The deceptive notion of technical progress
March 9th, 2007The XVIIIth century, by allowing free thought, unleashed creativity. People knew they could change things. Obviously, they started by changing those things that were bad. This resulted in unprecedented improvement. This led everybody to believe that change was good. The word progress best conveyed this confusion in meaning between change and good. The end of the XIXth century strongly believed that technology would bring happiness, that science would unveil truth, that industry would remove hunger, that medicine would cure death.
The XXth century, with its unprecented leap forward in scientific and technical prowess did a great job at convincing people that technological progress was steady, accumulative and good.
I want to challenge these three assumptions.

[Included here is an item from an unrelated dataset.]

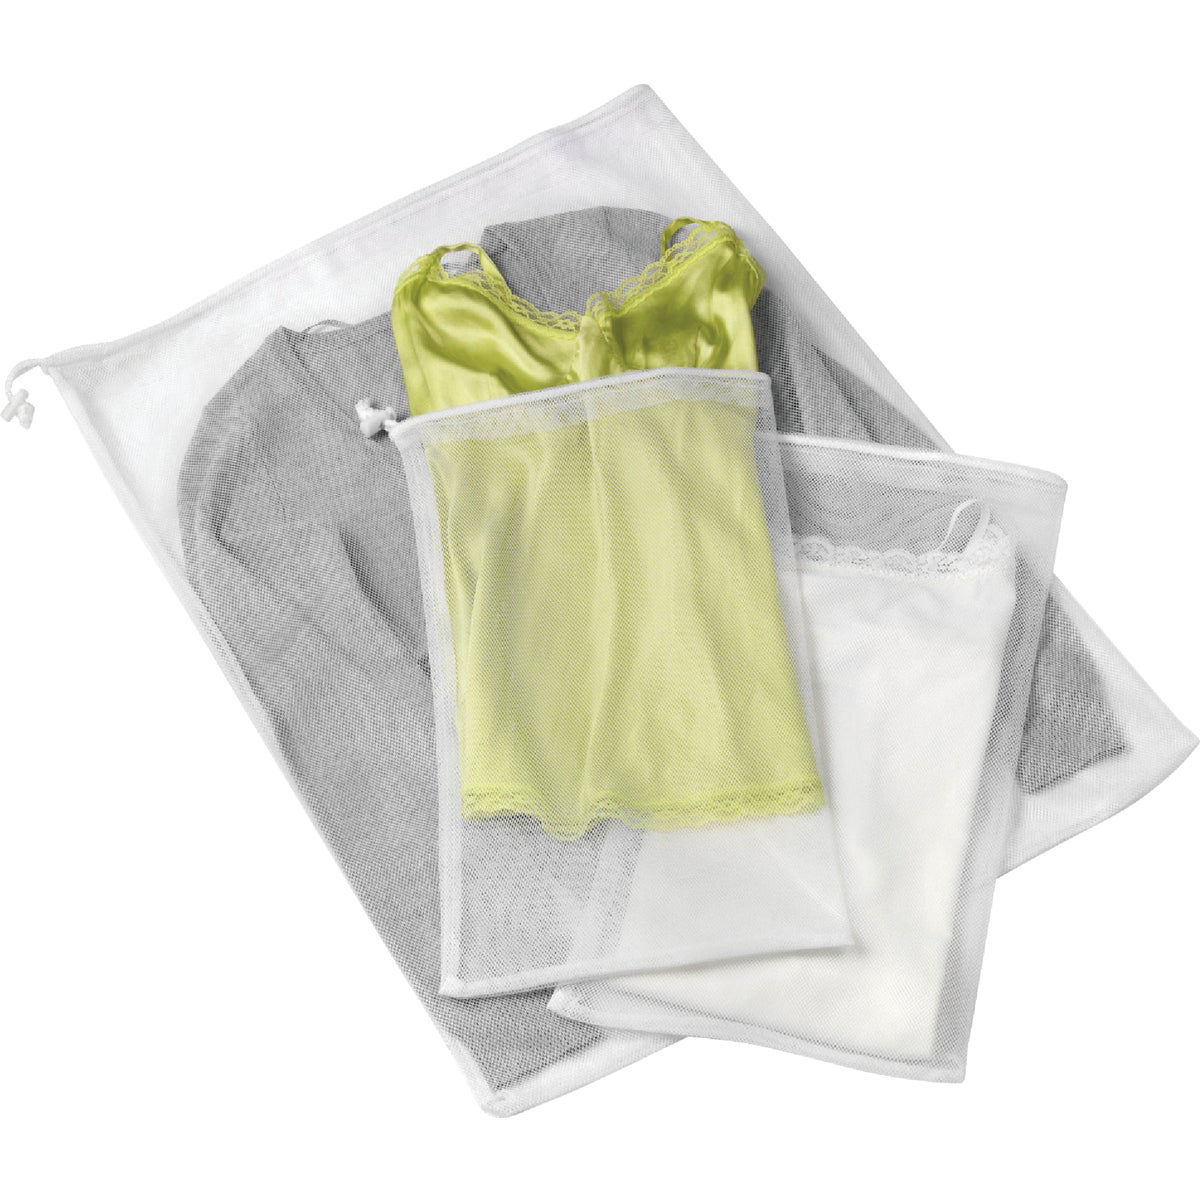 Whitmor Mesh Laundry Bags (3-Pack)

Technological progress is not steady
If we believe TV commercials for the new formula of washing powder, the new generation of running shoes or the ultimate workout machine, technological progress appears steady, with novelty upon novelty, each day, each month, each year.

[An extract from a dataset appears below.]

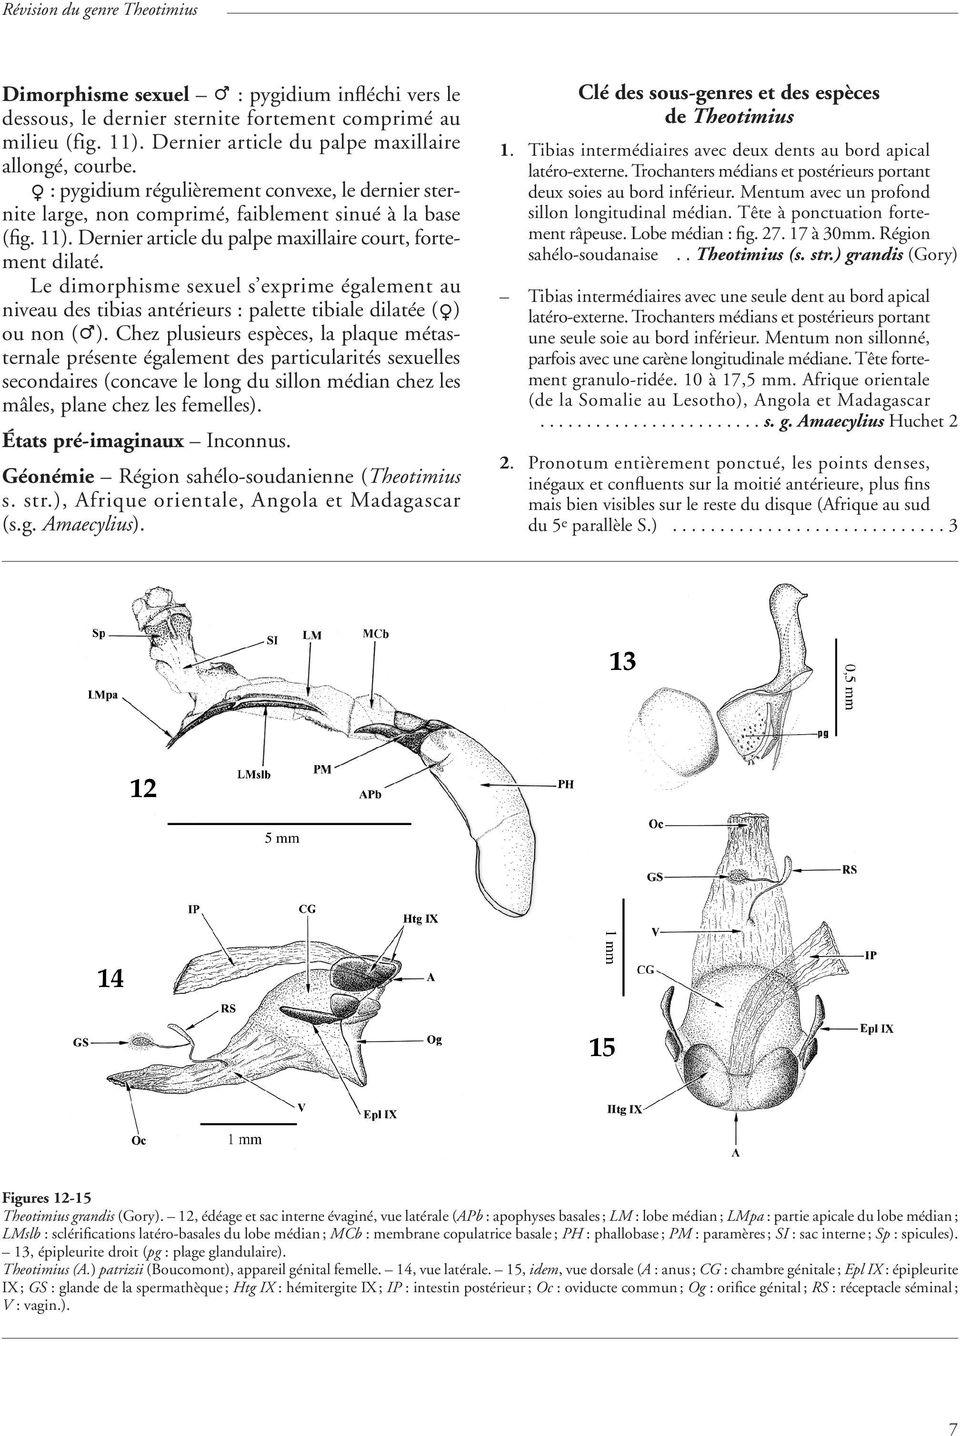 Le dimorphisme sexuel s exprime également au niveau des tibias antérieurs : palette tibiale dilatée (O) ou non (P).

In fact, science and technology breakthroughs come randomly, in unexpected steps.
If we just look at physics, we have had three major steps since the XVIIIth century: Newtonian mechanics, then electromagnetism, then quantum physics and relativity. Each time, it was an enormous step, a change in paradigm as Karl Popper puts it, leading to an avalanche of discoveries and technological changes in its wake. Then after a while, the avalanche subsides to a small trickle. Everybody hopes for a new revolution, but there is no way of knowing whether it will come any time soon. It has been a good seventy years now that no such revolution has occurred in physics.
However, because of the collective belief that progress should be steady, there is a pressure to continue improvement, even if the corresponding costs are soaring. Just look at the evolution of commercial airliners between 1950 and 1970. First there were Lockheed Super Constellations: 70 passengers, piston-engine, 8,700 km range at 610 km/h. Then there were Boeing 747, 360 passengers, jet engines, 12,000 km of range at 950 km/h. Forty years later, the A380 is about to improve some 40% over the B747: 20 years for 500%, forty years for 40%. If this is not stagnation, I do not know what it is.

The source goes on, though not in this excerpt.